Его зажали в клещи. Он чувствовал их дыхание, слышал хриплый лай, знал, где они и кто они, – он сам был охотником, а они пытались сделать из него добычу. Он умел прятаться, он был бесшумен, даже когда они рыскали в полушаге от него, он проливал их кровь, а они даже не понимали, что их становится все меньше и меньше… А в небе радостно галдели вороны…

Они загнали его по всем правилам охоты – из леса шаман выскочил прямо к обрыву, так что деваться было некуда. Они не стреляли – хотели взять живым. Перехватив нож поудобнее, он оскалился, а спустя секунду воронье карканье над лесом разорвал протяжный волчий вой… Шаман знал, что останется жив.

На уговоры Рихард времени больше не тратил. Белоснежный с утра халат был весь забрызган и измазан красным, лицо пленника превратилось в кровавое месиво, один глаз вытек, одна из коленных чашечек была просверлена – Ридль понимал, что слегка перестарался в начале, но теперь ничего не вернешь.

Парень держался. Все так же сидел с отрешенным видом, лишь вздрагивая время от времени, когда оберштурмбаннфюрер переходил на следующий виток допроса.

От боли голова Рихарда просто раскалывалась: она пульсировала огненными вспышками через рваные промежутки времени то медленно, то вновь ускоряясь. Ридль цедил сквозь зубы ругательства, продолжал пытку и злился оттого, что терпел боль не так стойко, как пленный разведчик. Утешало оберштурмбаннфюрера лишь то, что видения больше не повторялись.

О самоубийстве старик никогда даже не задумывался. Ни когда его собирали по кусочкам, ни когда заново учился пользоваться руками, ни когда суставы выворачивало, а каждая клеточка тела начинала ныть, реагируя на погоду. Не ты эту жизнь давал, не тебе и отнимать.

Он сидел перед окном и глядел в небо. Просто так, от нечего делать. И мгновение тянулось за мгновением, часы складывались в дни, недели – в месяцы, а годы – в вечность. Сидя у окна, старик ничего не ждал, ничего не хотел – он просто убивал время до тех пор, пока время не убьет его.

Мишка сидел и смотрел, как похожий на ворона мужчина в заляпанном кровью – его кровью – халате издевается над его телом. От тела тянулись тоненькие, сотканные из дыма нити, которые время от времени подрагивали, заставляя мышцы двигаться, имитируя реакцию на боль. На коленях у Мишки лежала семейная драгоценность – небольшой бубен. Время от времени шаман начинал тихонечко по бубну постукивать, постоянно меняя ритм и силу ударов, и тогда мужчина в халате скрежетал зубами, хватался за виски, тер лоб, уходил в соседнюю комнатку и подставлял голову под кран. Думал, будто это помогает, потому что шаман на время переставал постукивать по натянутой коже бубна и отстраненно гладил лежащего рядом огромного белого волка.
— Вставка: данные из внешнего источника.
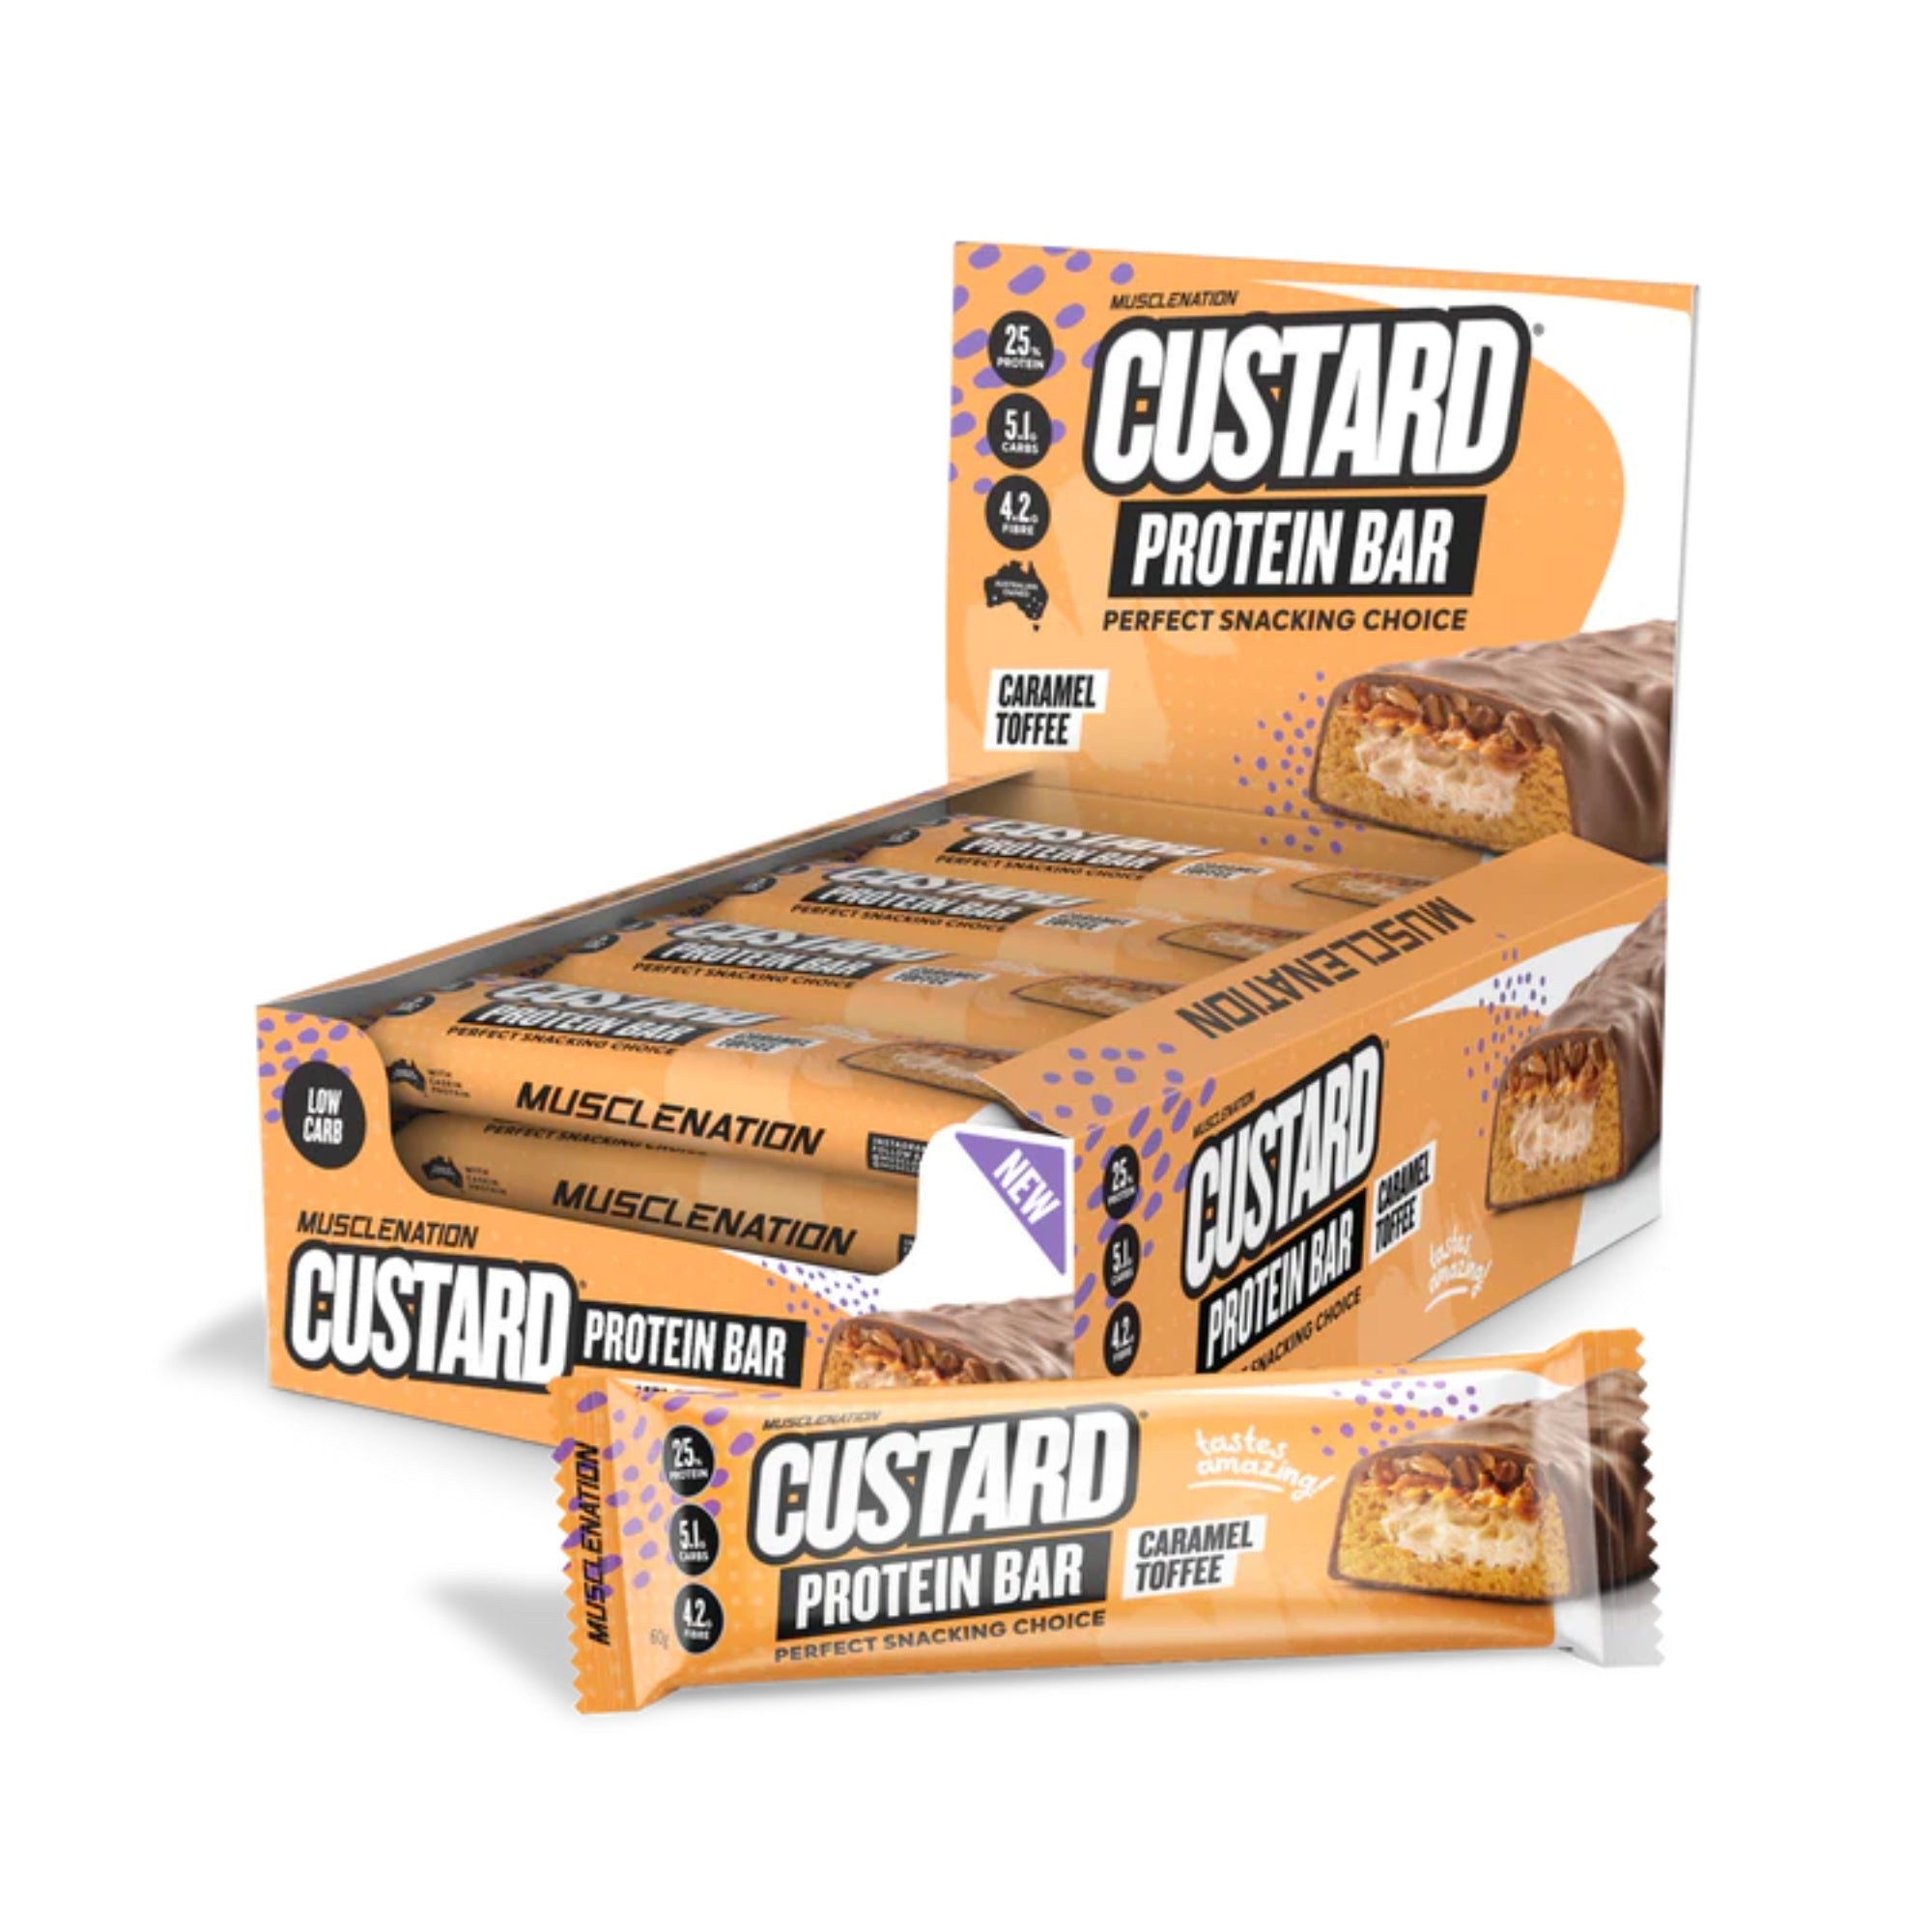 Muscle Nation Custard Protein Bar - Box of 12 Caramel Toffee

Рихард подумал, что он потихоньку сходит с ума: боль разрывала голову, которая, казалось, вот-вот лопнет, оберштурмбаннфюрер боролся с желанием начать биться головой о стенку или взять нож и разрезать кожу от затылка и до подбородка, выпустить этот навязчивый гулкий стук наружу, чтобы он, наконец, оставил Ридля в покое.

Спазмы ненадолго отпускали, лишь когда ледяные струи воды хлестали по затылку. И Рихард блаженно замирал, впитывая каждый миг тишины и спокойствия.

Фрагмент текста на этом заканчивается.